From the line that has "上海华尔道夫酒店(The Waldorf Astoria" down to the last line of the data below, set down every line exactly, but none of the pictures.
== Recorded data
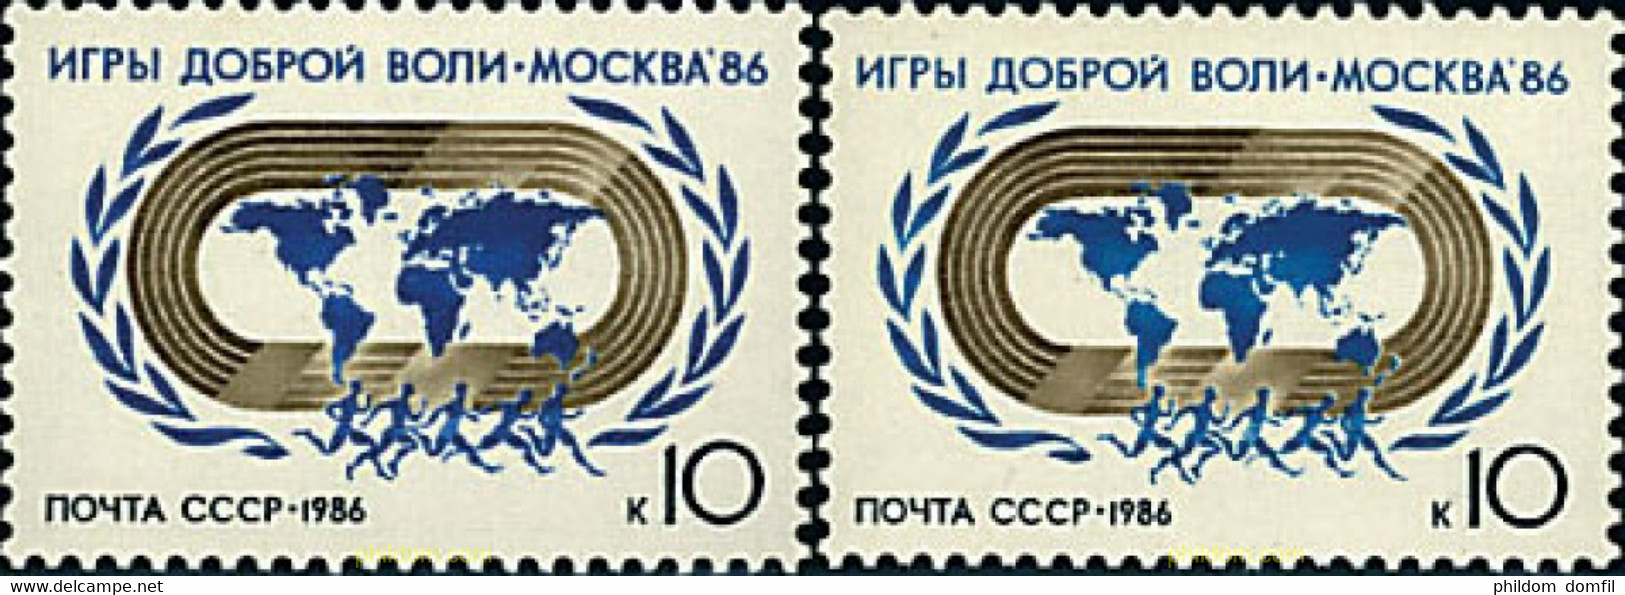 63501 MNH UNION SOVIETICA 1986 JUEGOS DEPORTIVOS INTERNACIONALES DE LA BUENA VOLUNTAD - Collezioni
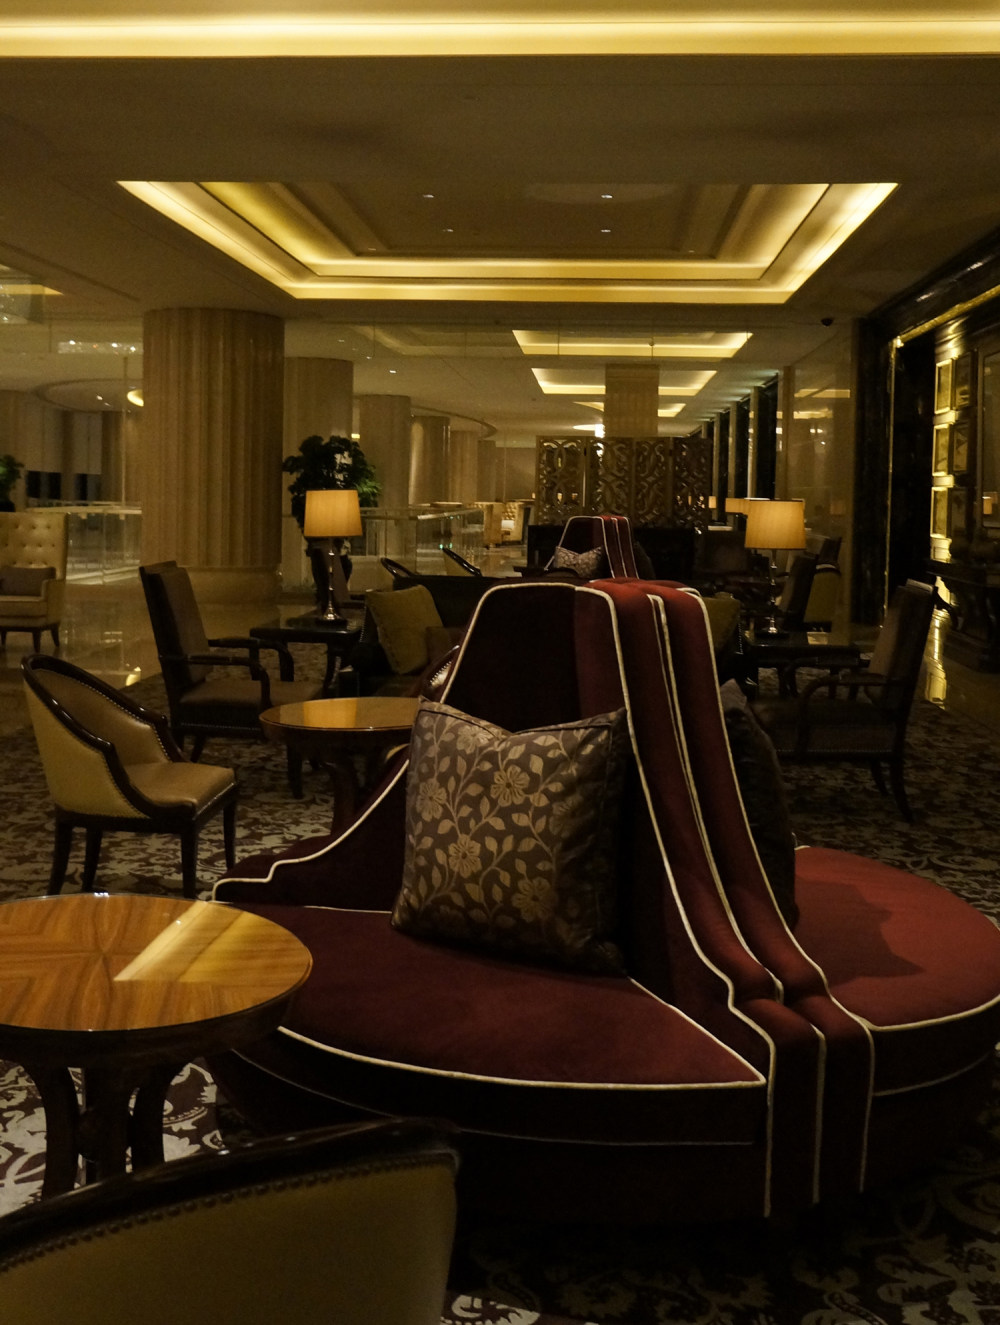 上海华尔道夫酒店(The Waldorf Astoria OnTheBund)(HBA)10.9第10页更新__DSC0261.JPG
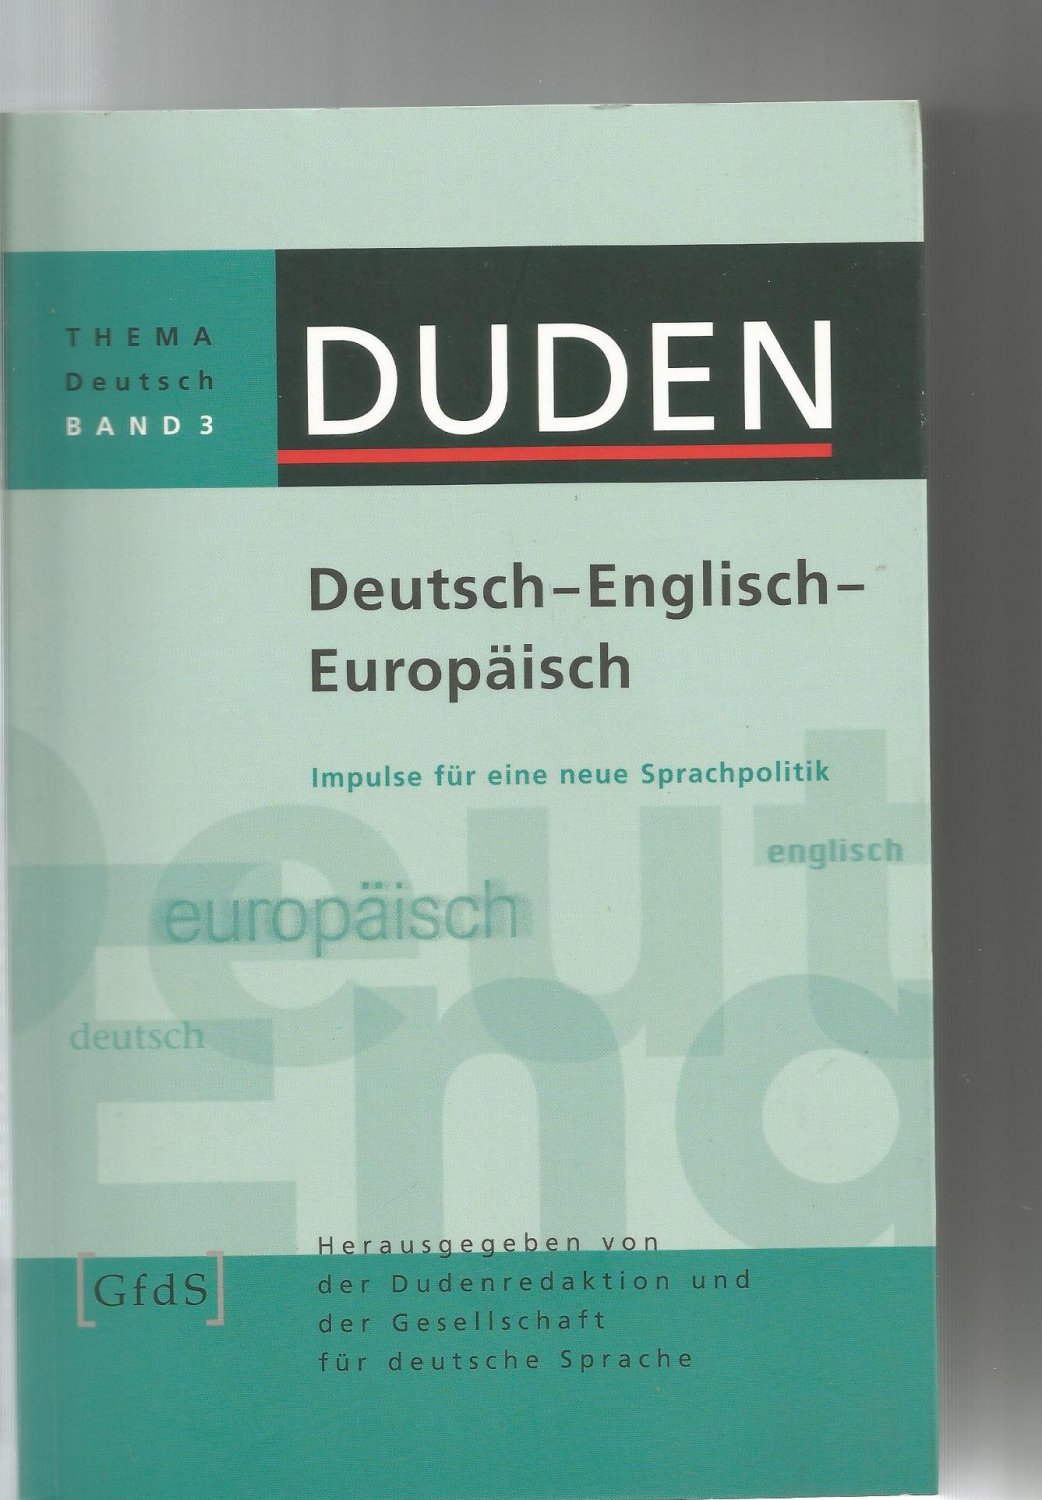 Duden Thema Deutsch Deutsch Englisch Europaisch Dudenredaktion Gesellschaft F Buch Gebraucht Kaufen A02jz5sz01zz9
====
» **Worked solution**:
 上海华尔道夫酒店(The Waldorf Astoria OnTheBund)(HBA)10.9第10页更新__DSC0261.JPG
 Duden Thema Deutsch Deutsch Englisch Europaisch Dudenredaktion Gesellschaft F Buch Gebraucht Kaufen A02jz5sz01zz9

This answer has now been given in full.